==== EXERCISE MATERIALS ====

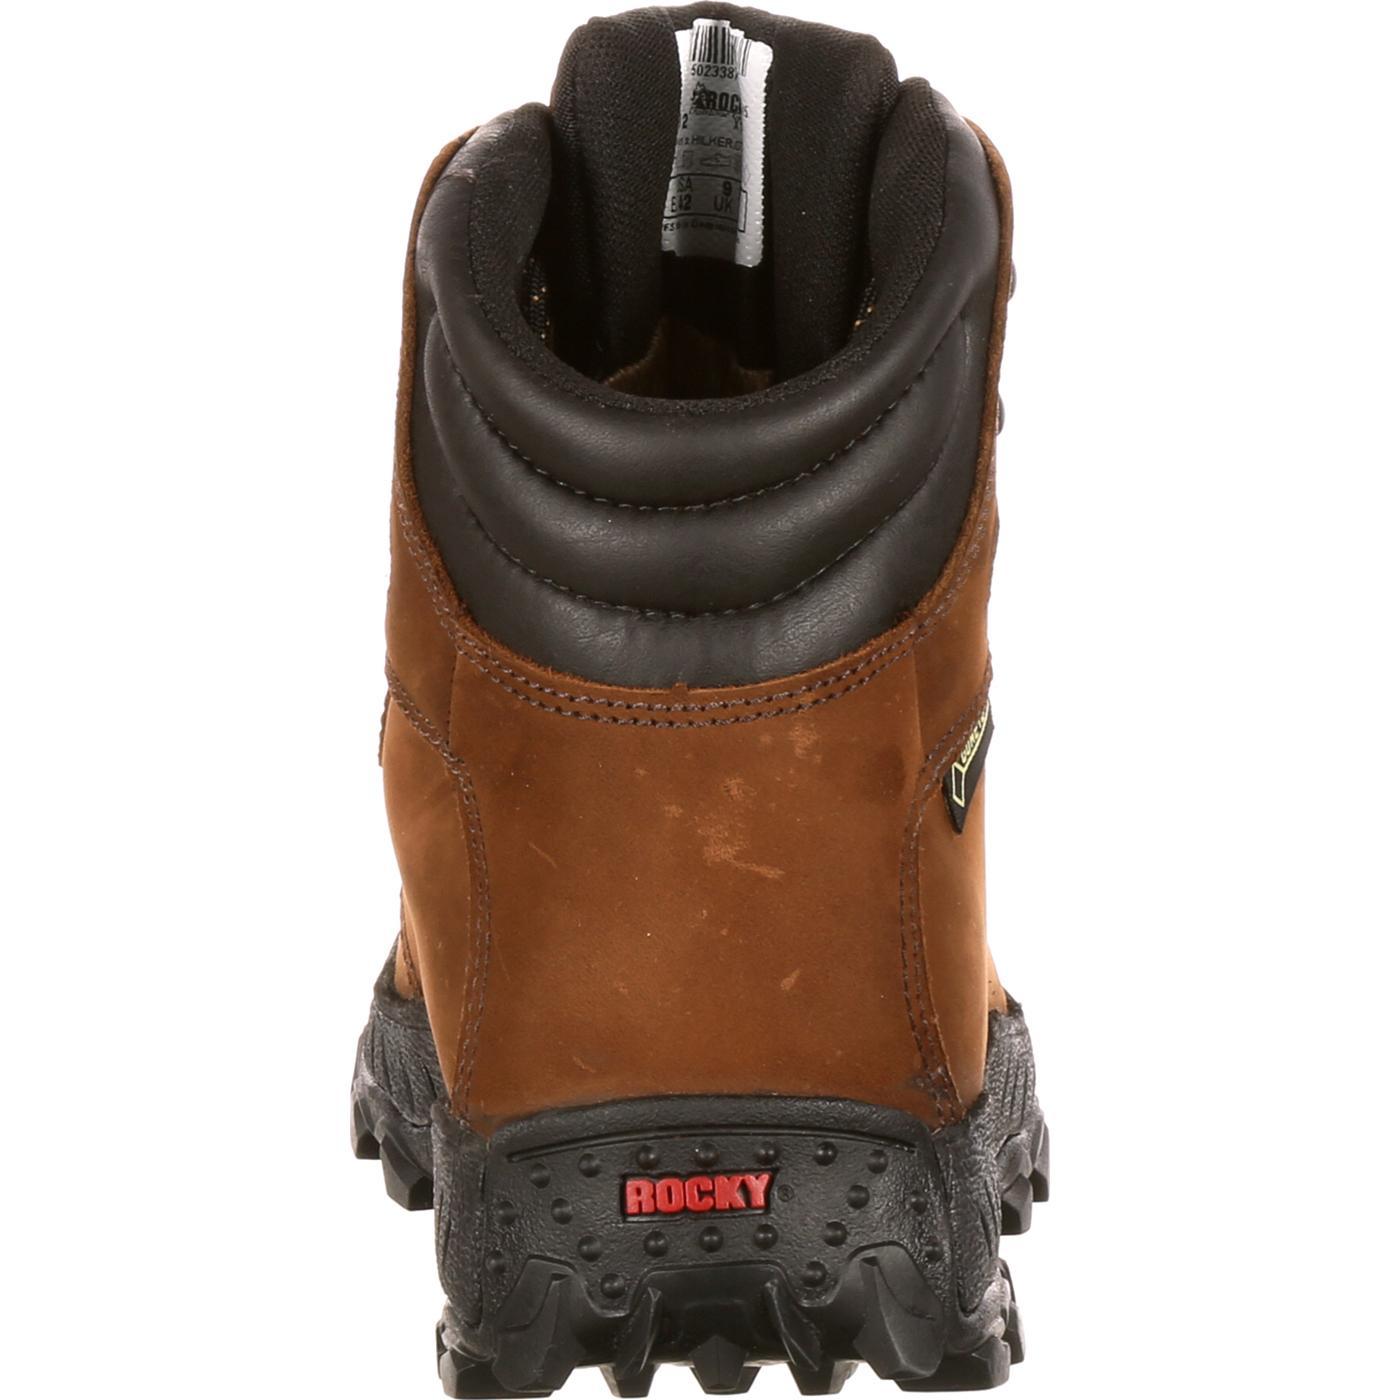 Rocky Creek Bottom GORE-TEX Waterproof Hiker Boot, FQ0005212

====
==== EXERCISE MATERIALS ====

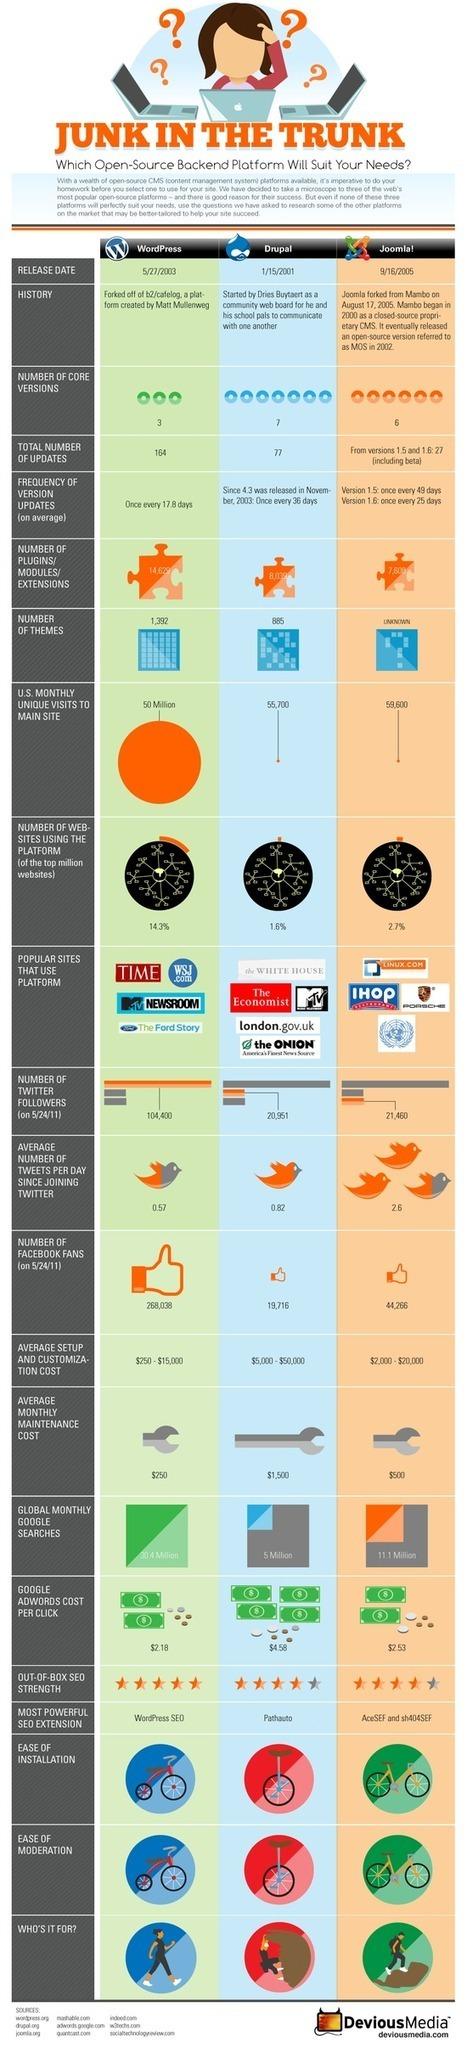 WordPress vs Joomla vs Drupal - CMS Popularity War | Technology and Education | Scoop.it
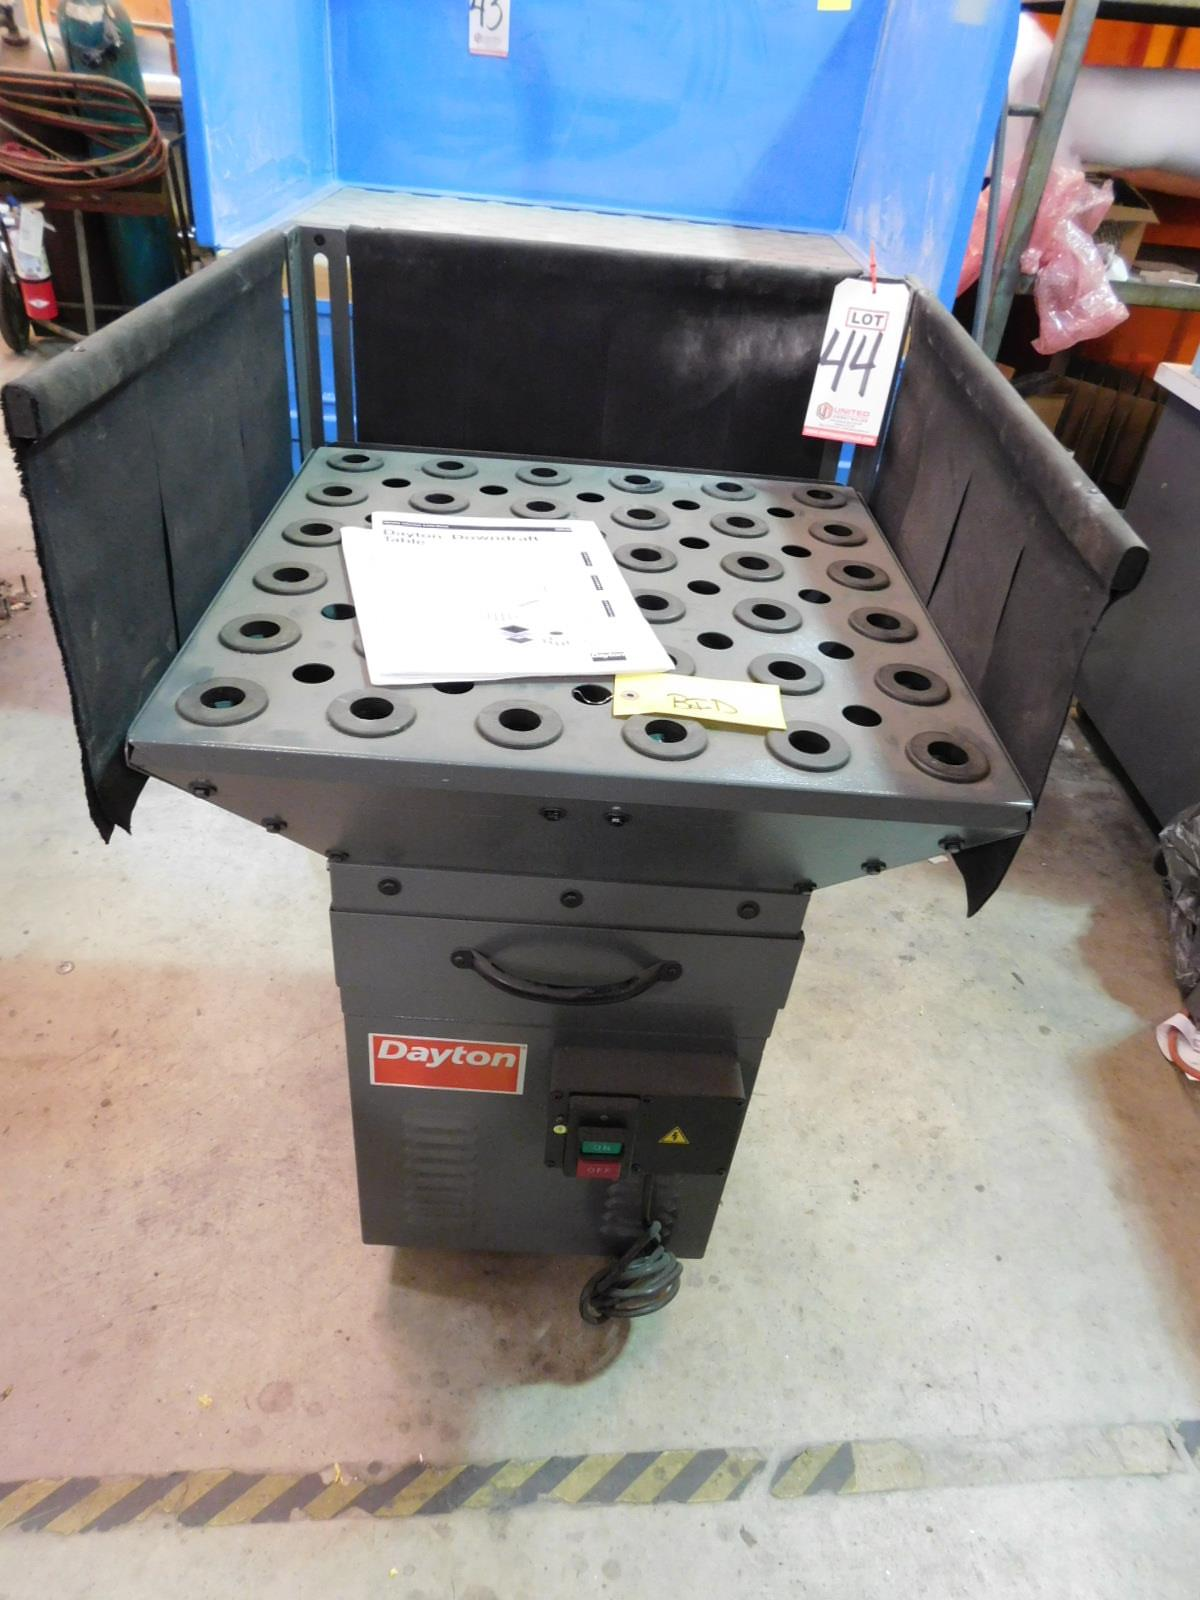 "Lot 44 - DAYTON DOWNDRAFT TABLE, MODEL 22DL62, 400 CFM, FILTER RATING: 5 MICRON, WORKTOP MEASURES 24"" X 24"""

====
==== EXERCISE MATERIALS ====

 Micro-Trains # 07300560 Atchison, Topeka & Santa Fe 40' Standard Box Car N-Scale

====

- _TASK BRIEF_
Using the entries above, write out exactly the lines from the one with "WordPress vs Joomla" through the one with "44 - DAYTON", ends included. Leave out any pictures.

- _RESPONSE BELOW_
 WordPress vs Joomla vs Drupal - CMS Popularity War | Technology and Education | Scoop.it
 "Lot 44 - DAYTON DOWNDRAFT TABLE, MODEL 22DL62, 400 CFM, FILTER RATING: 5 MICRON, WORKTOP MEASURES 24"" X 24"""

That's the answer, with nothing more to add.